Many of you have heard about Gideon's health problems, supported us in so many ways, and even asked if you can help us financially. We've created this site to help keep you posted and to create a venue for those who wanted to help us face the financial aspects of treating Gideon.

For the past several months Gideon, 10 yrs old, has struggled with even just moving from room to room without getting out of breath.  He had lost a great deal of weight and though he gained some back, maintaining weight has been a struggle as he has been in pain, constantly nauseous, and nothing is appetizing. His weight got so bad having a feeding tube put directly into his abdomen has been discussed. He got progressively worse until mid-November when we took him to the ER and weren't sure he would make it.  He spent over a week in the hospital and underwent numerous tests including a bronchoscopy that revealed massive amounts of mucus in his lungs due to an infection. The infection is currently being treated with a month-long round of antibiotics.  A CT scan showed bronchioestasis which indicates permanent damage to his lungs and a chronic condition.  Cystic fibrosis and TB tests were negative so we don't know what is the underlying cause nor his long-term prognosis.
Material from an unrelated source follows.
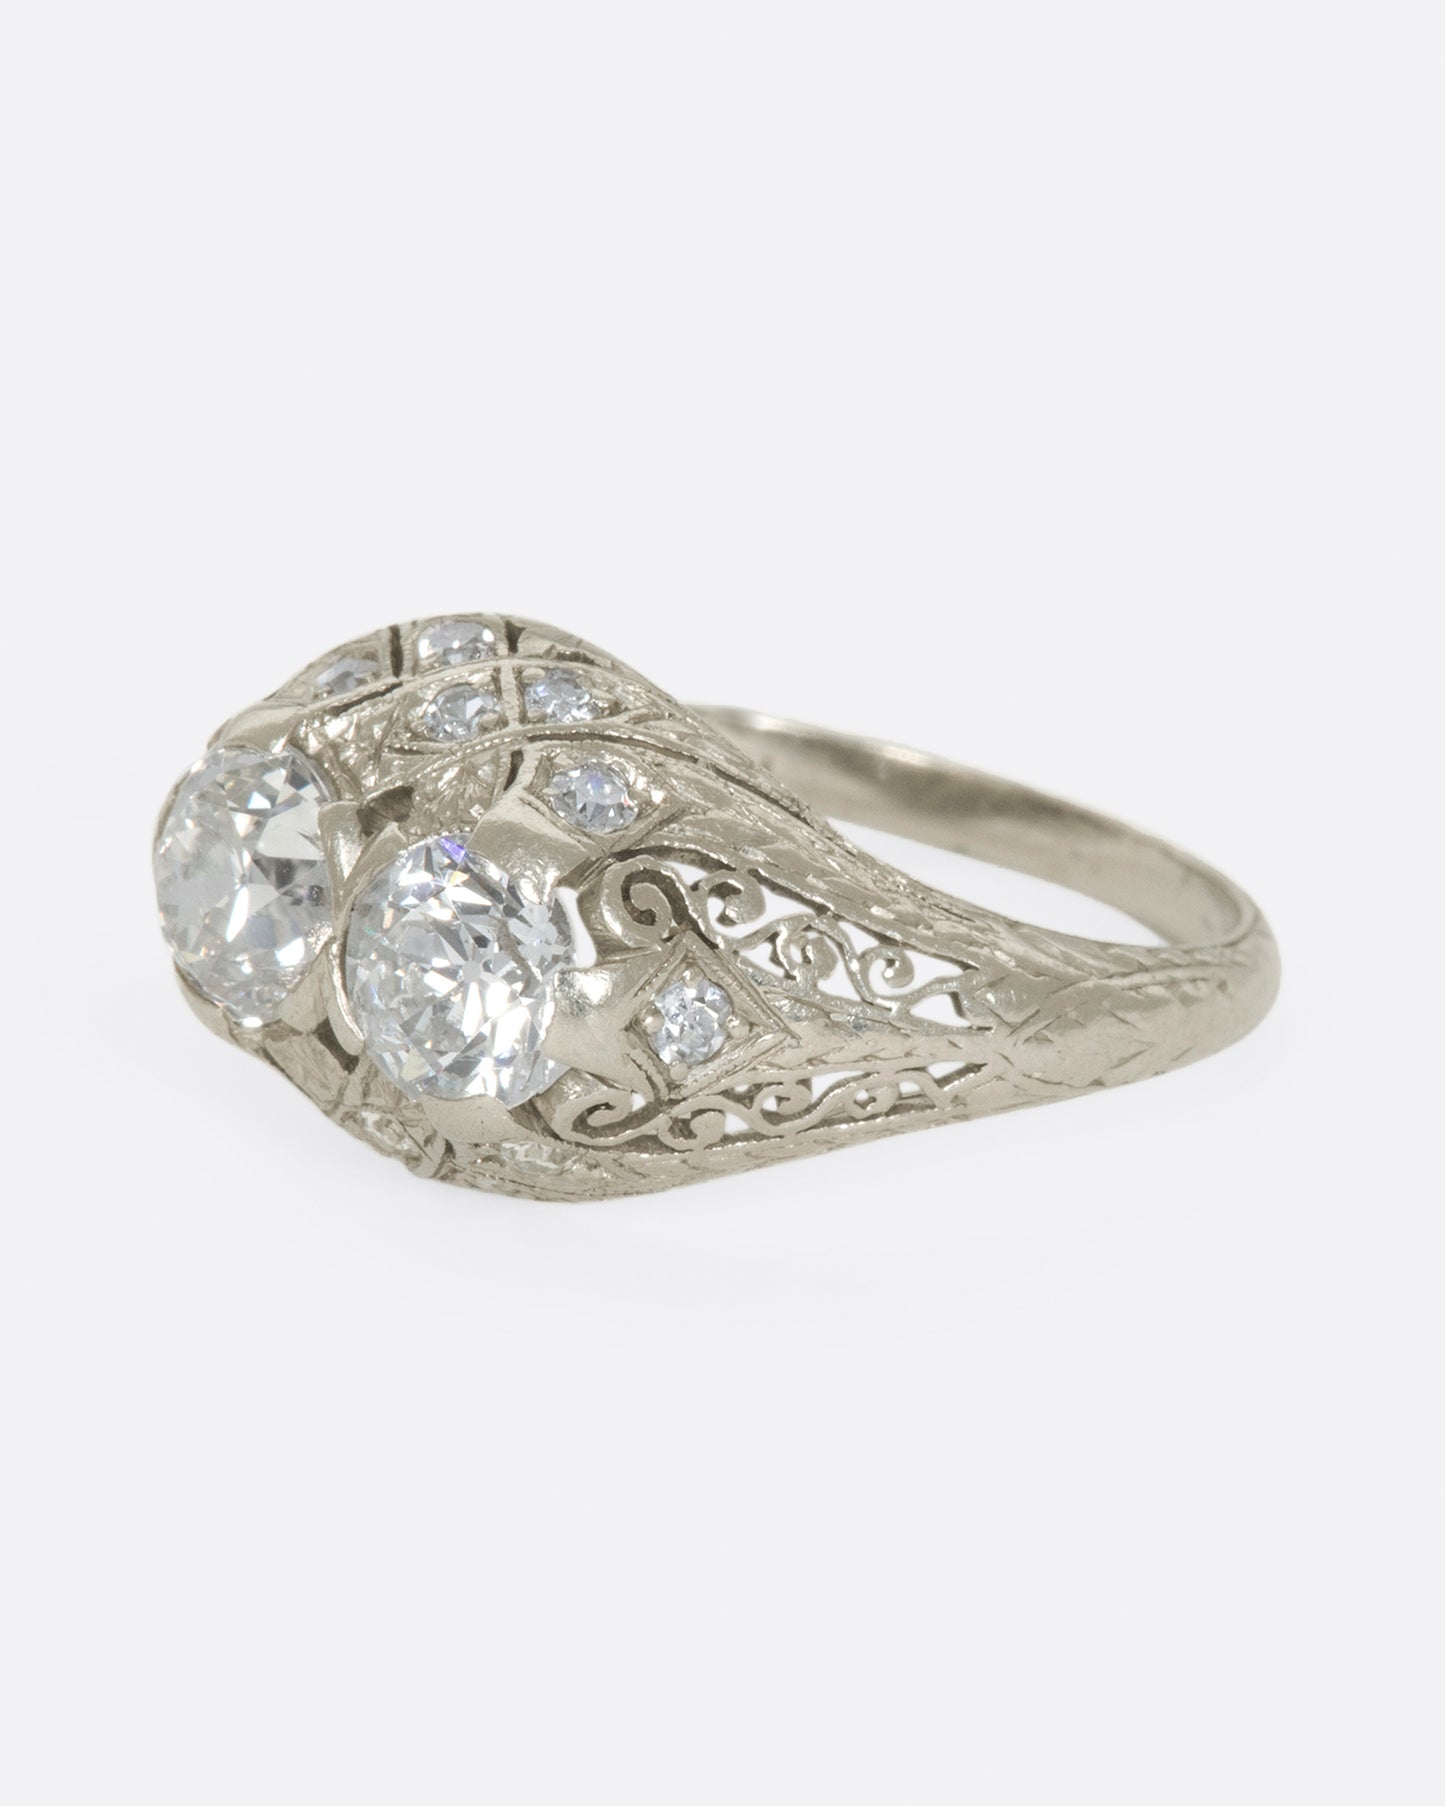 An intricate, sparkling ring to represent "you and me"
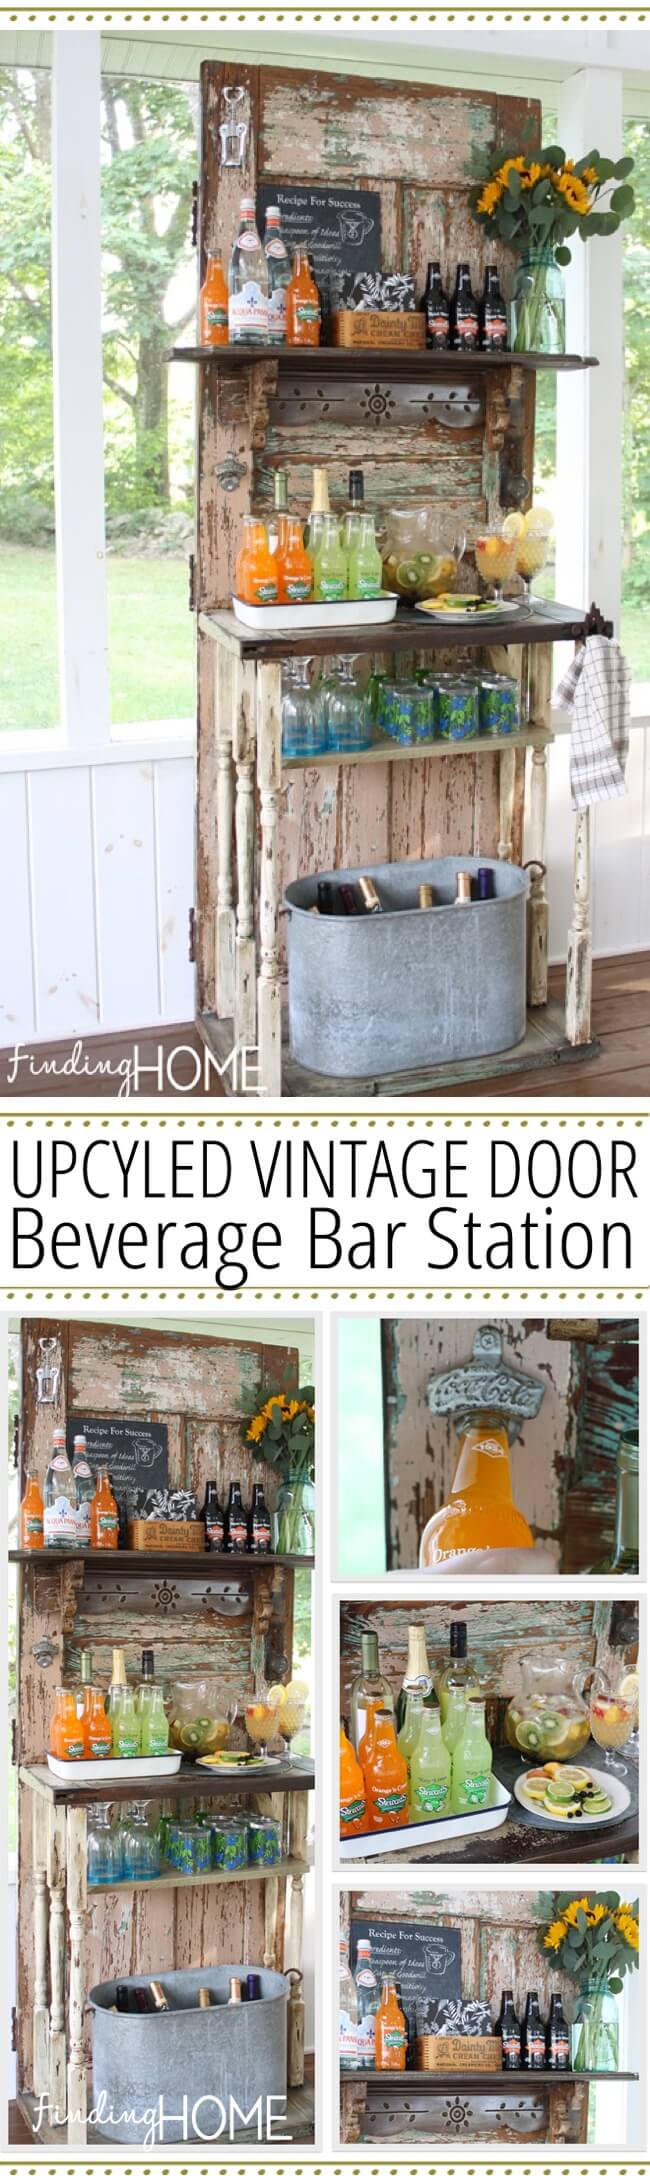 Upcycled Vintage Door Beverage Bar Station | Creative Repurposed Old Door Ideas & Projects For Your Backyard

We have had several trips to Cincinnati Children's Hospital to help diagnose the underlying cause, clarify his long-term prognosis, and create a care plan.  So far, we don't not have any answers. We will going again in the next few weeks for a more extensive lung biopsy.  The suspicion is that his immune system is attacking his lungs for some reason.  They will take a about a 1x1x1/4inch section of his lung.  Depending upon what they find, we may be looking at several weeks of IV treatments to stop his immune system from attacking his lungs.  

We have also met with a lung transplant specialist to explore that possibility if IV treatments don't work.  This is a last resort as 5year survival rate is at 50% right now.  Not fun to think about, but something we must consider.   

Gideon is currently at home with oxygen and equipment to treat his lungs throughout the day. Our hopes are to have him as mobile as possible, strengthening the muscles that have become so weak over his months of illness.

This site gives you the chance to help us cover medical expenses and this trip to Cincinnati. 

Don't forget to Subscribe for Updates.  Please feel free to share this link as well.  There are widgets on this page to help you do both.   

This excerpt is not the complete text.